(Problem)
Set down, exactly and only, everything from the line containing "Hagenauer Femme africaine, portrait" down to the line containing "Dimensions : 9" in the data below; the pictures are not part of the copy.

(Input data)
-=-=-

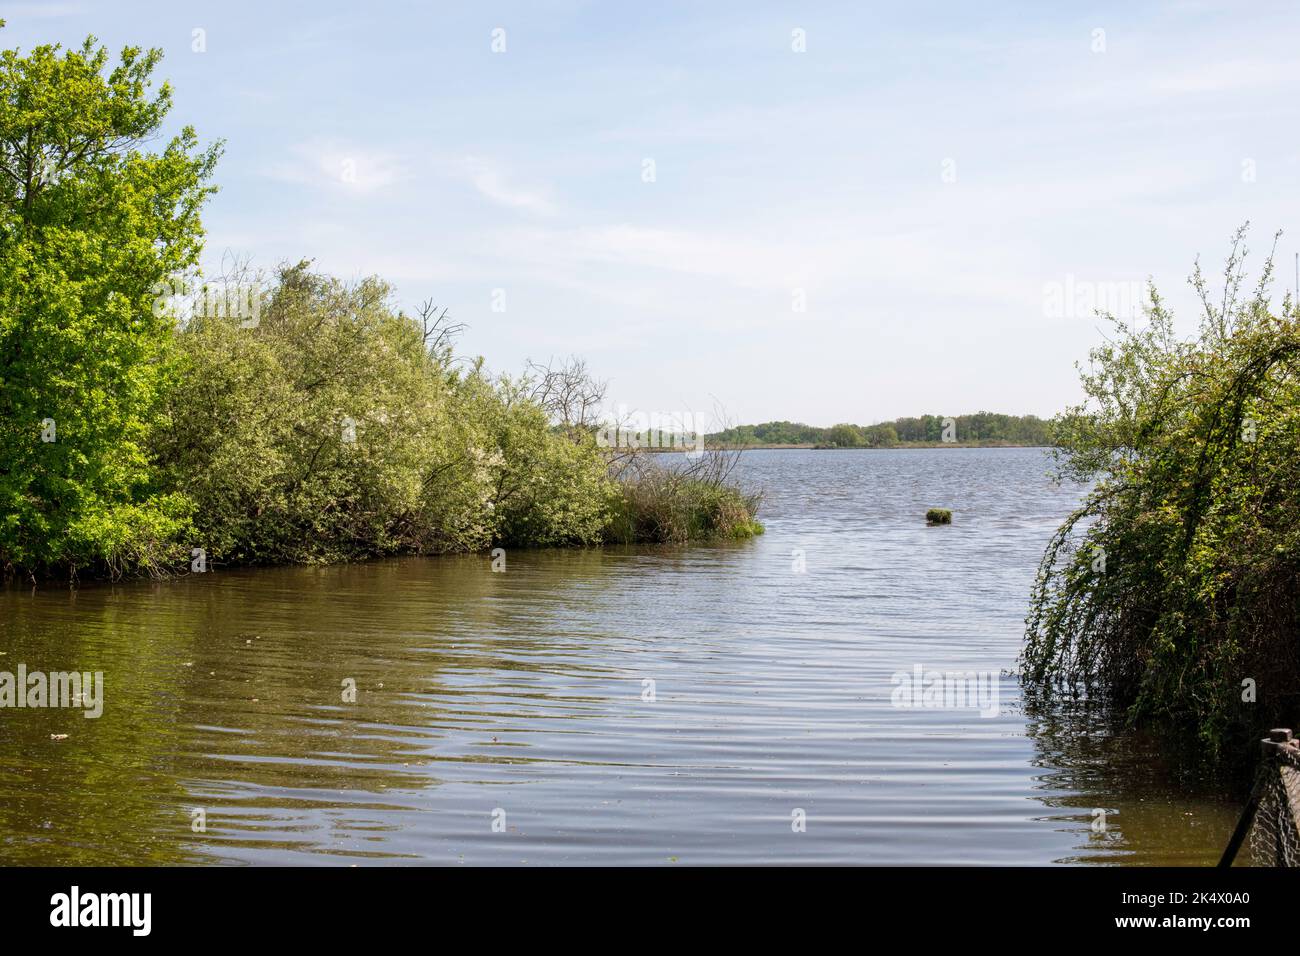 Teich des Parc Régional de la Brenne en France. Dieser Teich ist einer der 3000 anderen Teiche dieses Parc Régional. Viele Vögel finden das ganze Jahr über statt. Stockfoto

-=-=-

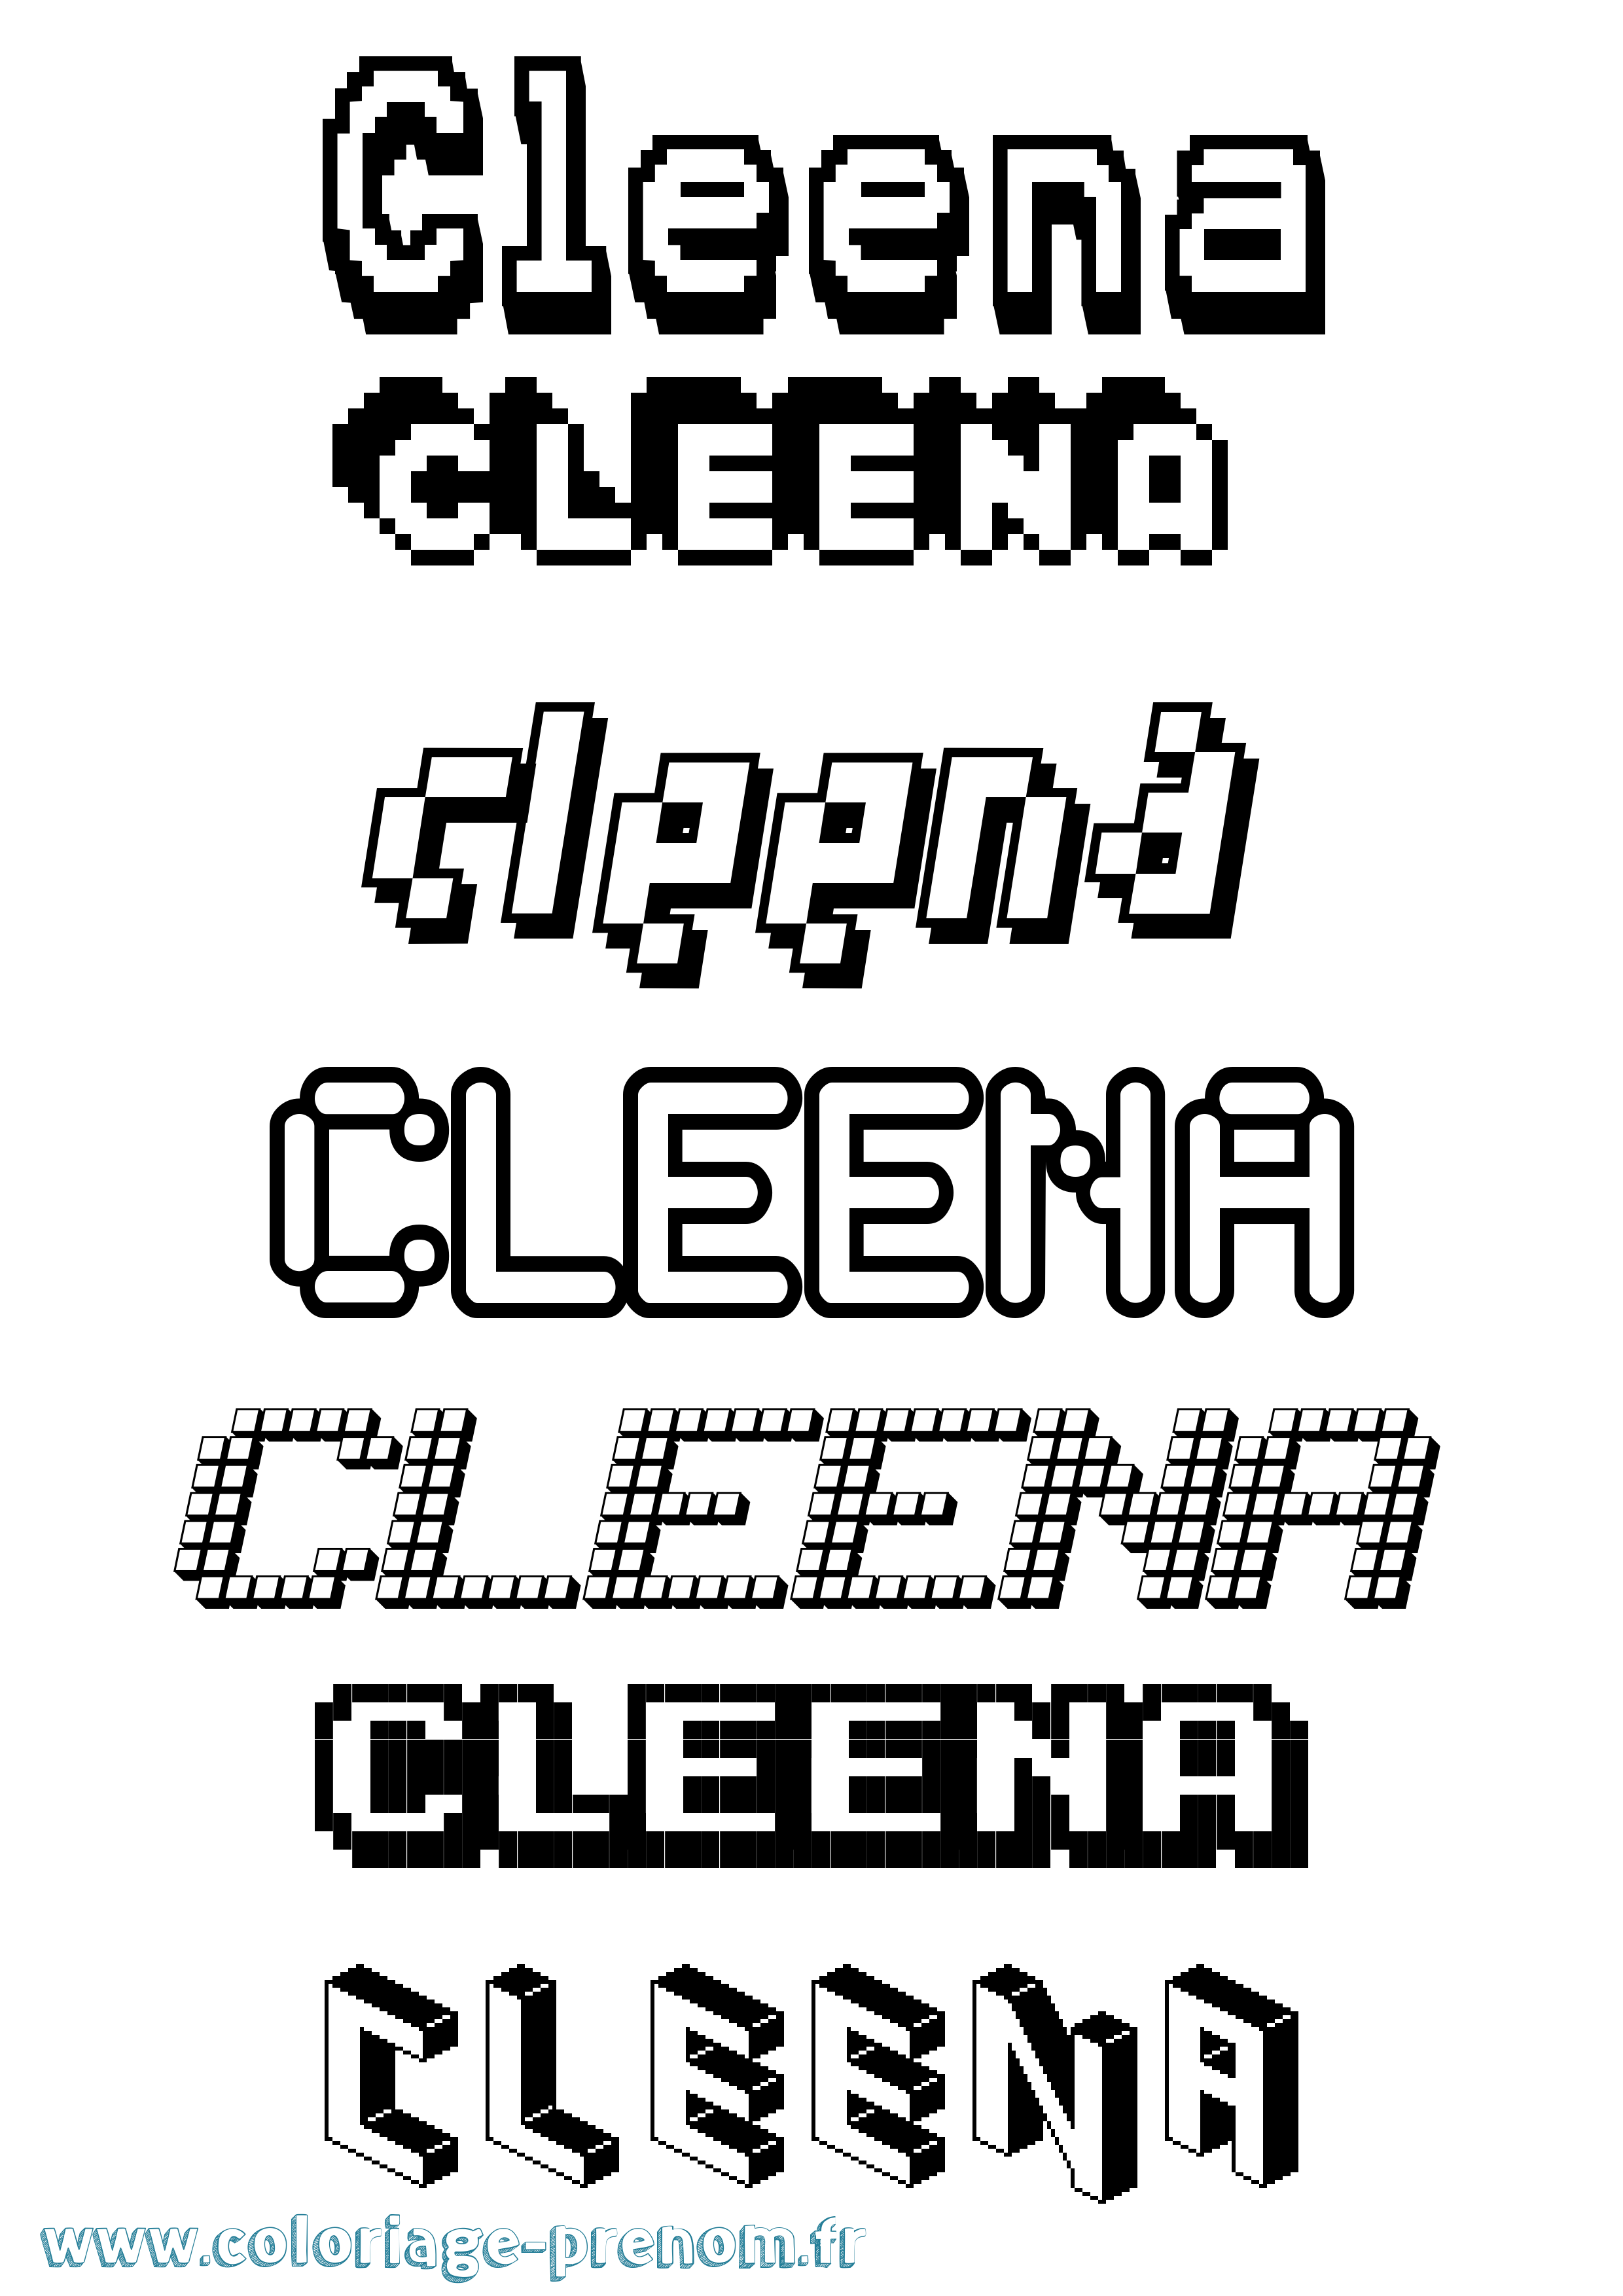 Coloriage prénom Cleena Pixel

-=-=-

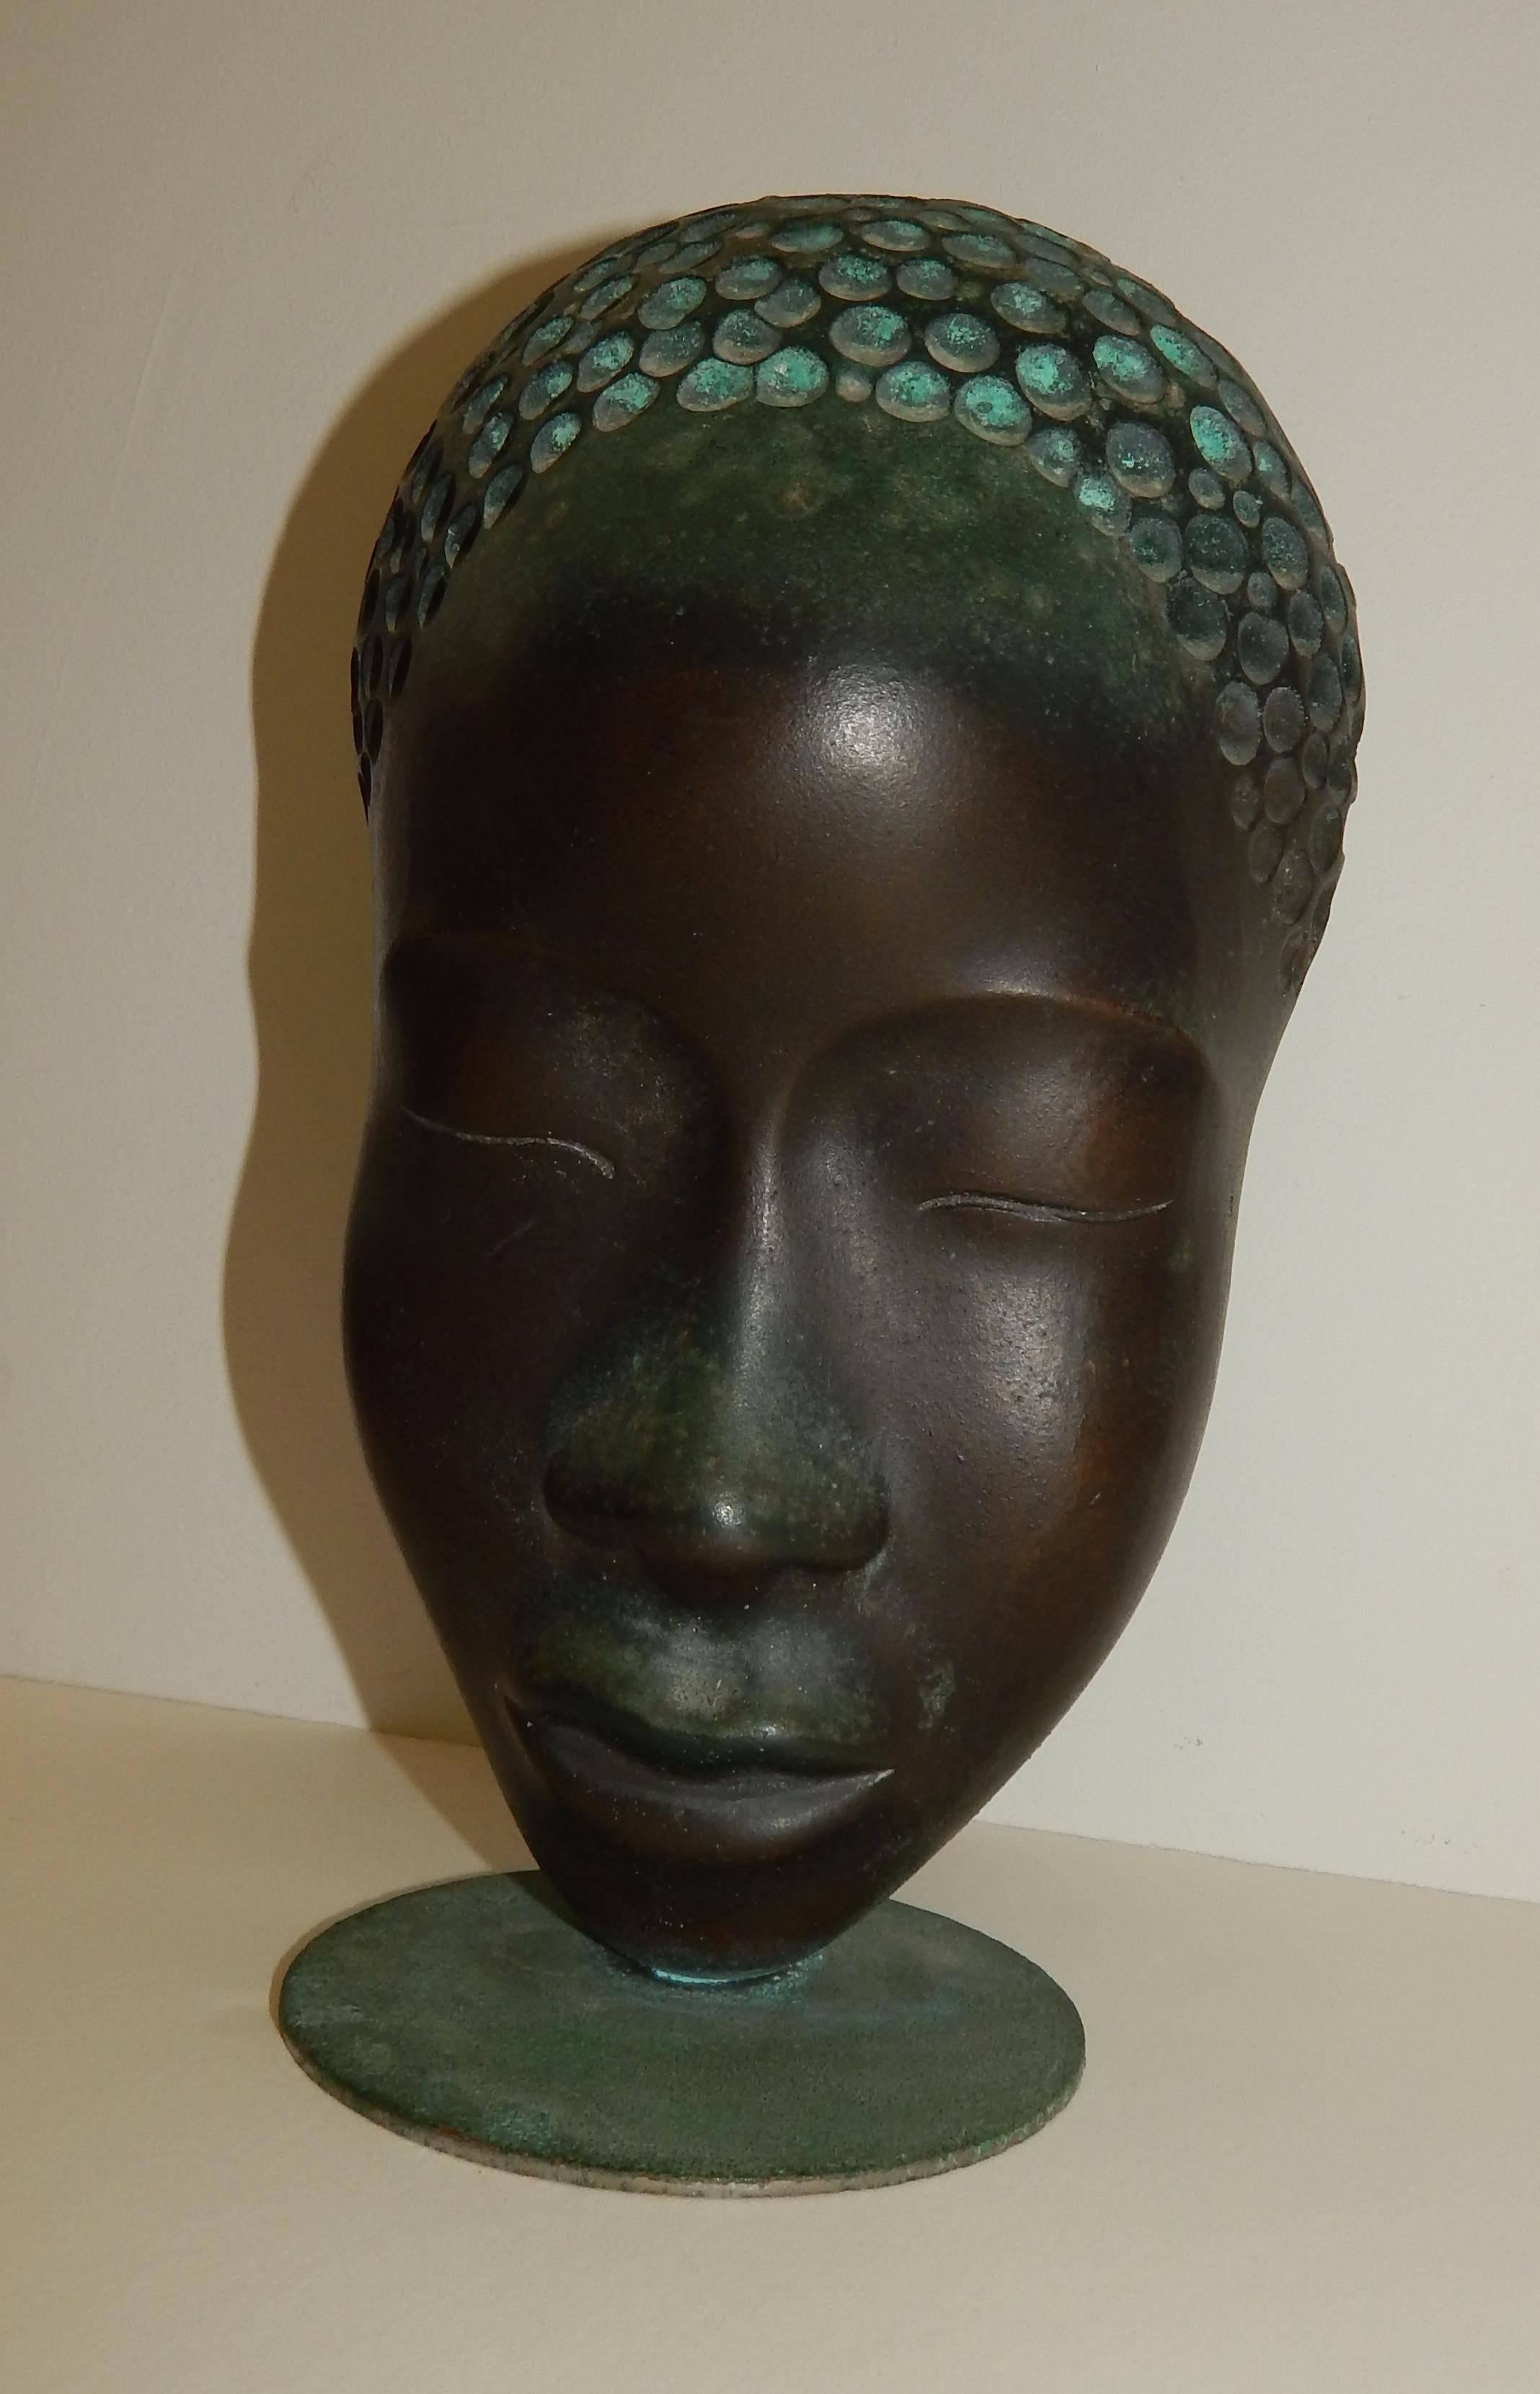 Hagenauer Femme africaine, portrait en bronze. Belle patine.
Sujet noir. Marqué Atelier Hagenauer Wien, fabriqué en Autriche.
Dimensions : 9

-=-=-

(Solution to the problem)
 Hagenauer Femme africaine, portrait en bronze. Belle patine.
Sujet noir. Marqué Atelier Hagenauer Wien, fabriqué en Autriche.
Dimensions : 9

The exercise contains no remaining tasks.